Evet, bienali de gezdim Büyükada’da. Çok enteresan ve keyif verici bir tecrübeydi. Bu tür çalısma ve organizayonların yapılabiliyor olması ülkemiz için çok büyük bir ışık açıkçası.  Her ne kadar baktığınızda memleketin durumunun, sadece memleket de değil dünyanın durumunun bir kaosa sürüklendiğini gördüğümüzde sanatsal anlamdaki bu tür gelişmeler, ufak kırıntılar ve minik kıvılcımlar olarak da karsımıza çıksa, çok önemlidir diye düşünüyorum.

Güzel sanatlar temellisiniz. Yani ne kadar reklam sektörüne kaysanız da belki tekrar sanata, sergilere dönüşünüzün kökeni oraya dayanıyor olabilir. 

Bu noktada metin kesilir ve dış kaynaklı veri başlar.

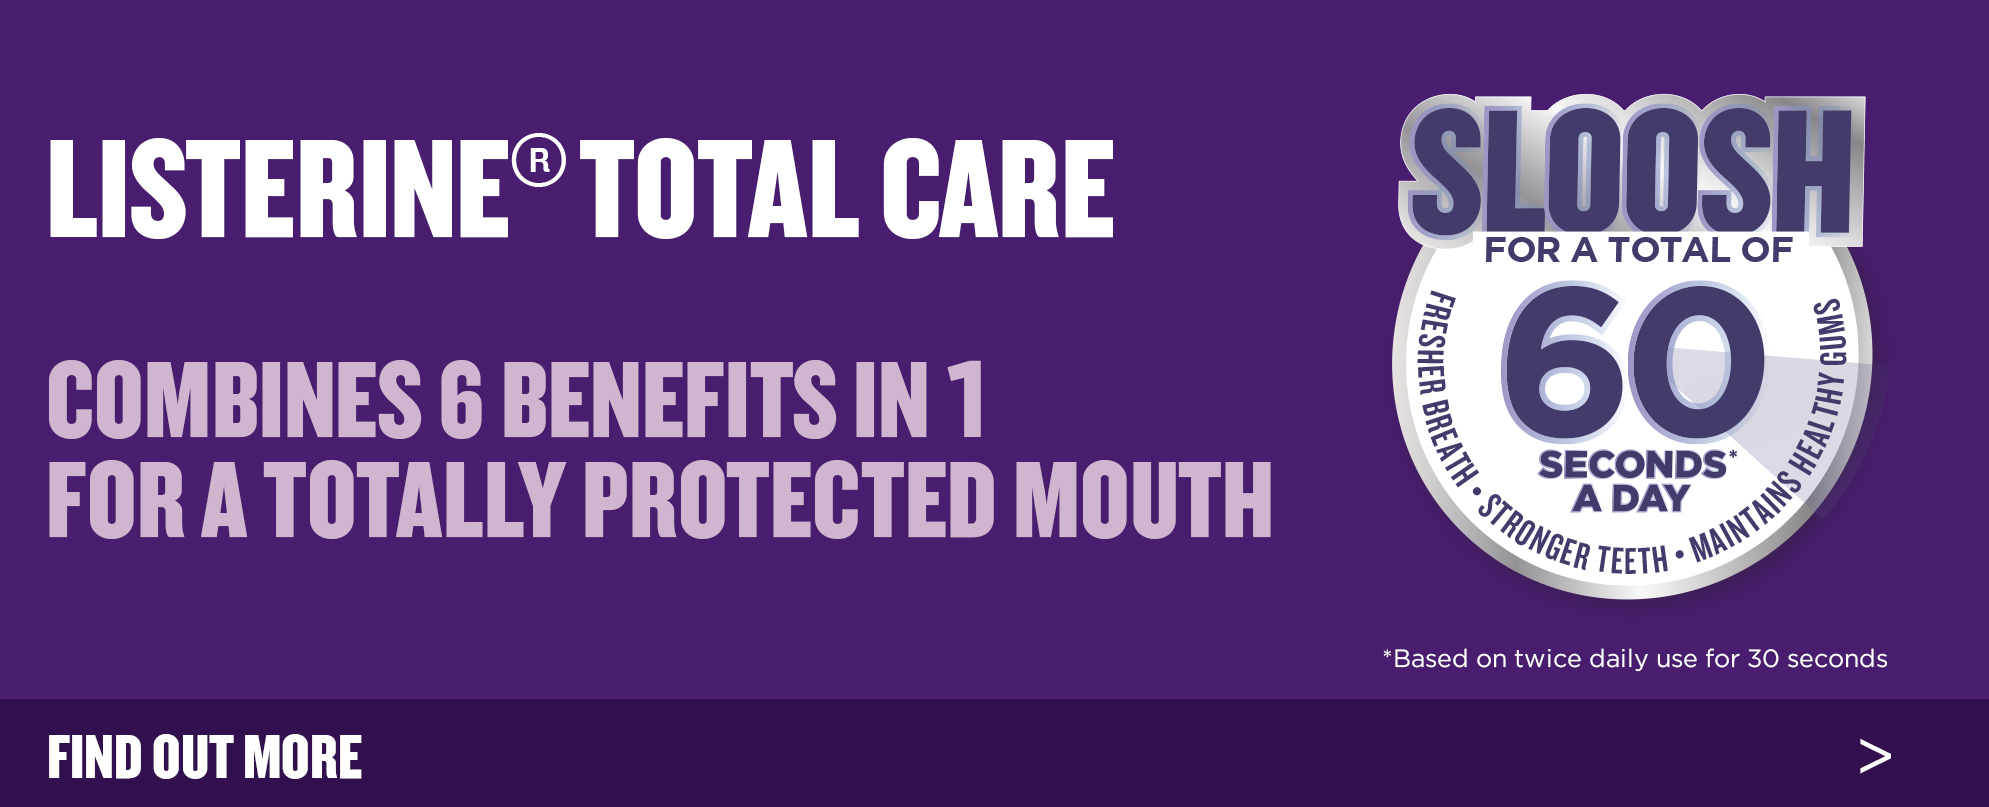 Benefits of Total Care Mouthwash - LISTERINE®

Güzel sanatlar temelliyim ve evet, kesinlikle çok doğru bir tespitte bulundunuz. Ben 1995’te Marmara Üniversitesi Güzel Sanatlar’ı bitirdim. O dönemde duvar panoları yapmaya başlamıştım. Fiziksel kolajlar yapmaya başlamıştım, üç boyutlu ve ışıklı çalışmalar yapıyordum. Hatta bitirme tezim de bunun üzerine. Keşke o dönemde elimde çok daha güçlü makineler ve imkânlar olsaydı da şimdiye dair çok daha güzel anılar bırakabilseydim. Fakat zamanla üniversiteye başladığımdan itibaren grafiğe olan ilgim arttı. Ailemde de çok fazla sanatçı var. Grafik sanatçısı, heykeltıraş, ressam, tekstil sanatçısı var. Babam da müzisyen, Türkiye’de ilk kez orkestrayı kuranlardan. Ben de bu dönemde sanata giderek odaklanmaya ve bilgisayarla uğraşmaya başladım. Bütün her şeyin bilgisayarda döndüğünü gördüm. O dönemlerde burada, Maslak’ta çok büyük bir matbaa olan Mas Matbaa’da çalışmaya başladım. Aslında dijital perspektif penceresinden baktığımızda kolajlarım o vakitte orada başladı demek hiç yanlış olmaz.  Çünkü görünürde olmayan resimleri var olarak gösteriyordum. Orada aslında yavaş yavaş bu işi dijitale taşıyabileceğimi düşündüm. Ondan sonra etrafımdaki arkadaşlarından birinin yaş günü olduğu zaman ona kartpostal falan yapmaya başladım işte hayatıyla, arabasıyla, eşi çocuğuyla alakalı. Olayı tamamen dijitale taşımaya başladım, zaten fiziksel yapı da buna müsait değildi başka türlü. İşte kolajla iletişimim o günden bugünlere geldi.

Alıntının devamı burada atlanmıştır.